Now, I will admit some reluctance regarding the static nature of PbtA difficulty numbers. I have no logical argument for this preference (or lack thereof, I suppose)–the explanation that the moves made by the GM in response to failure or a cost can be adjusted to represent the difficulty of the task makes perfect sense to me. I really do think that’s a brilliant take on RPG difficulties. But, I’m a child of the 80’s and 90’s who cut his teeth on the second and third editions of Shadowrun–the need for scalable difficulty is embedded deep in my bones.

Apocalypse World – Free-Form Combat
Another innovation from the Apocalypse: willful ignorance of initiative and turns. I think the best RPG combats work this way–we jump from character to character like the camera in a film or TV show, spending time where the drama is highest and shifting before anyone gets bored rather than becoming a slave to turn and initiative tracking. The tracking of initiative itself is more drudgery than benefit anyway, and a gaming group with established trust can handle things like holding and triggering actions without the need to maintain a count and do a lot of housekeeping.

Although they’re not running a PbtA game on the show, the HarmonQuest GM uses this style with great effect.
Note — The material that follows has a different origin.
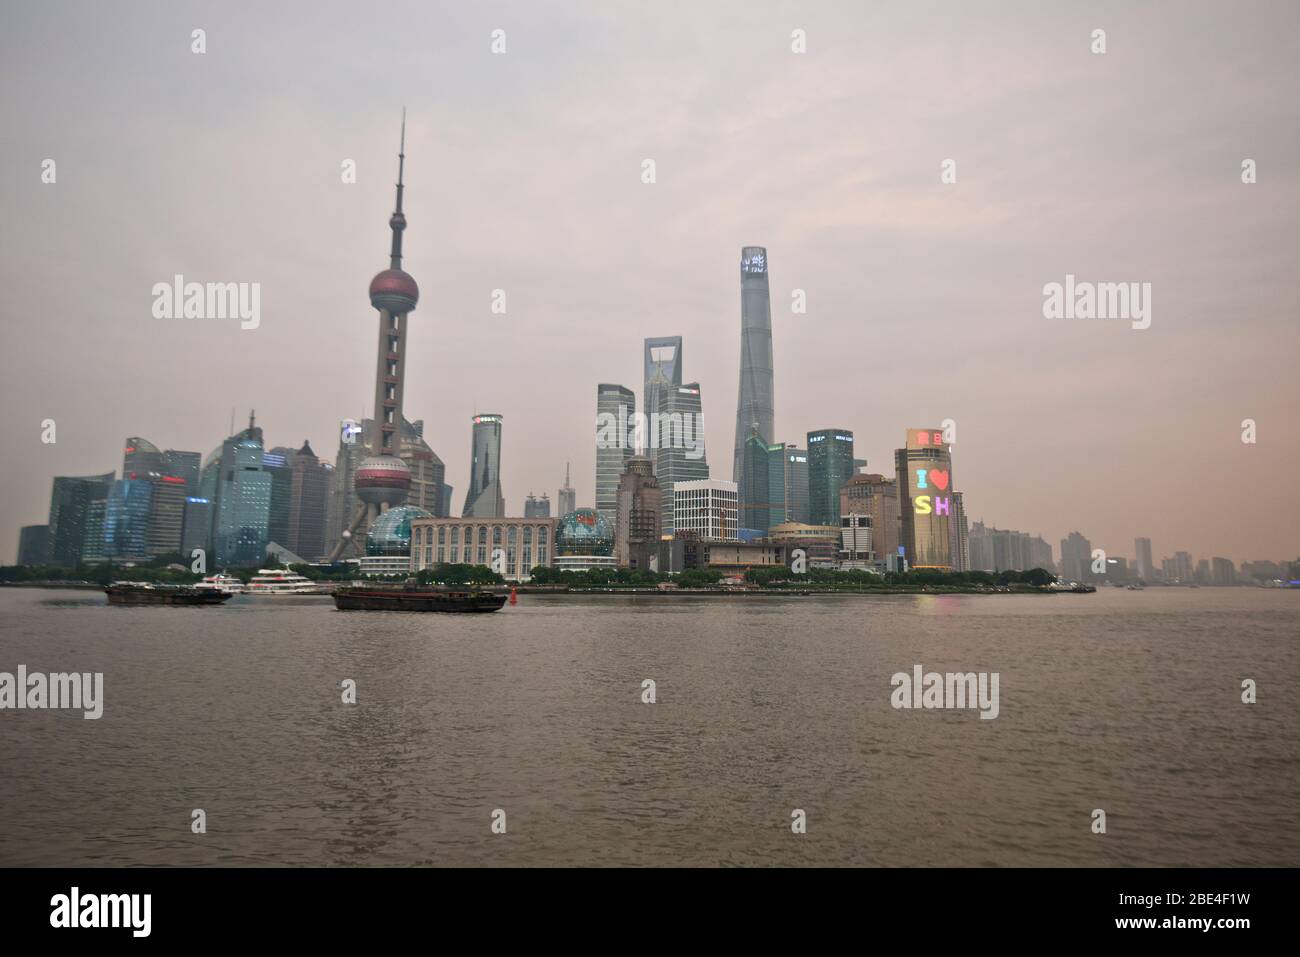 Shanghai's Pudong skyline towers over the Huangpu River, view from The Bund. China Stock Photo
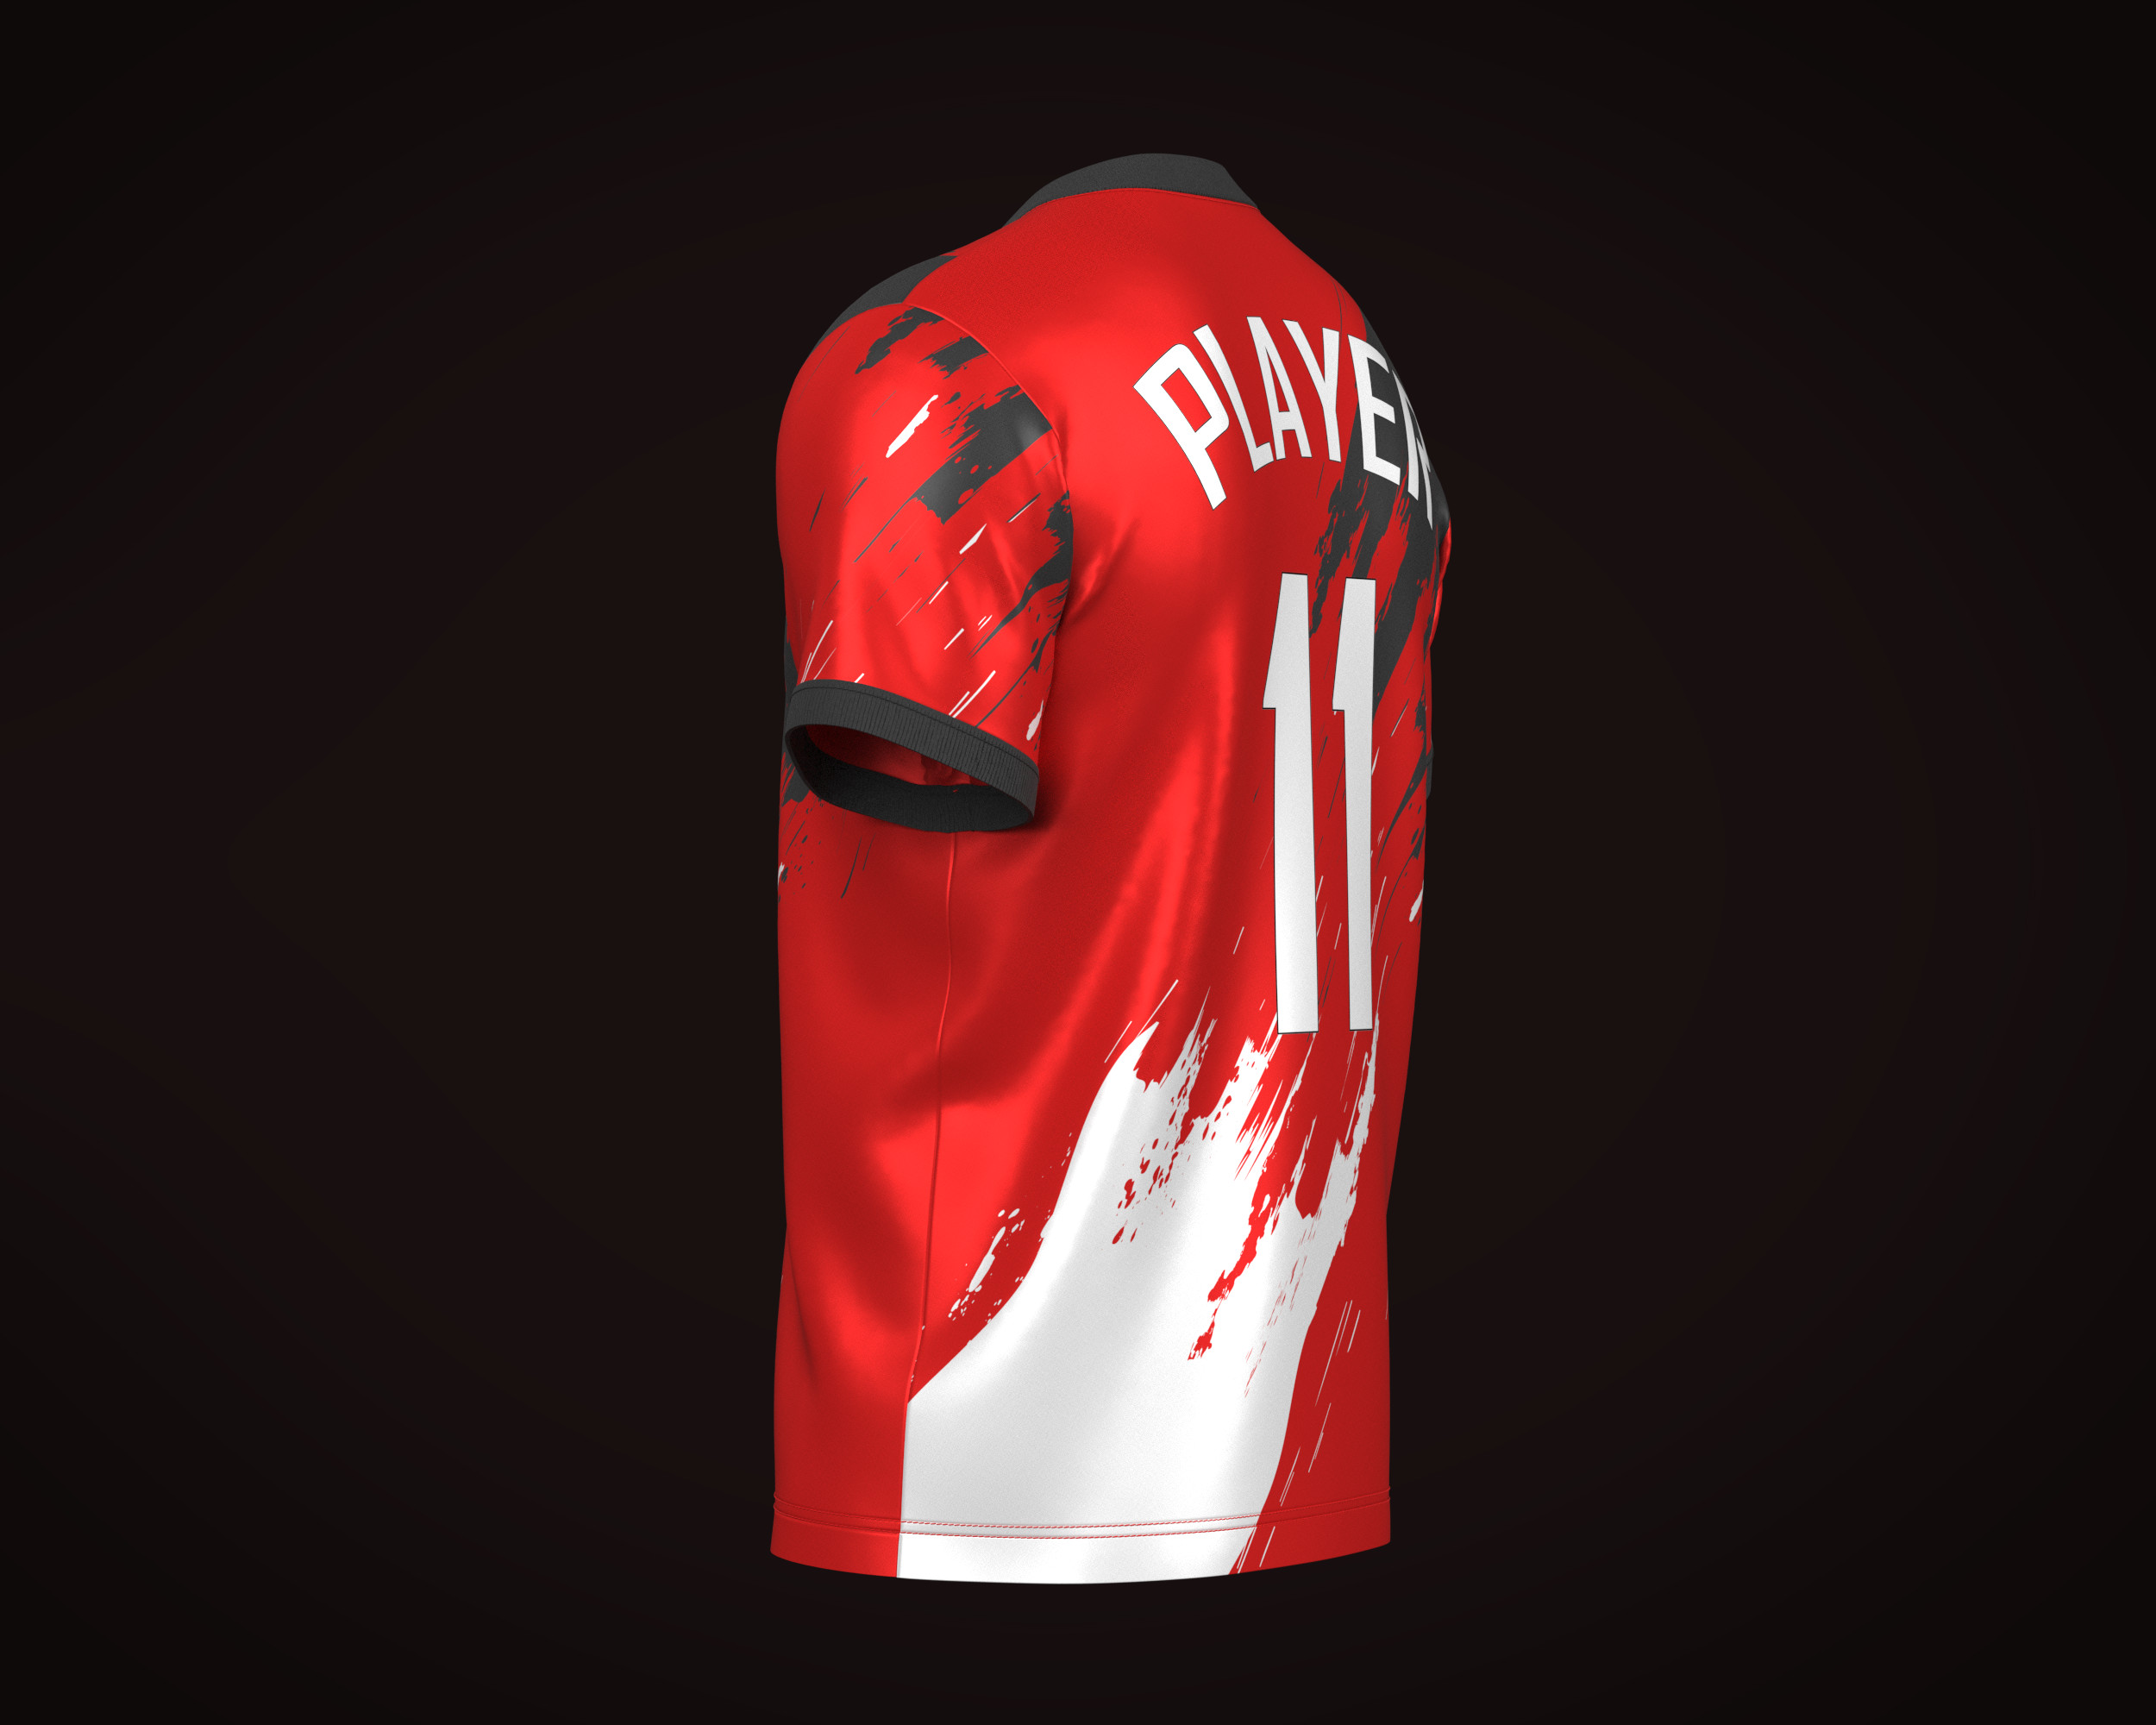 ArtStation - Soccer Football Fire Red color Jersey Player-11

Cypher System – Burning Points
I’m not a big fan of the way the Cypher system plays, but I do love the idea of “burning” points from a pool to gain advantage. In Cypher, points may be spent from a pool to reduce the Difficulty number before rolling the dice.

While I don’t generally like games where characters must “spend” their skill points to be effective (this goes for both Cypher and Gumshoe), I do very much like the idea of characters having resources that must be managed but that can be spent for bonuses. This kind of risk/reward mechanic reinforces the drama in games, while giving those gamist players another mechanical aspect to strategize over. I just think that pools used for this purpose should be separated from the character’s base abilities–health, fatigue, willpower (like the World of Darkness games)–all of these can make good candidates (as can other things) without the necessity of diminishing returns over time for characters being a core mechanic.

I’d also note that the Fate Toolkit has a mod allowing you to spend Stress to do just this. That, I think, is the sweet spot for this kind of mechanic. Blades in the Dark also allows you to spend Stress for similar effects.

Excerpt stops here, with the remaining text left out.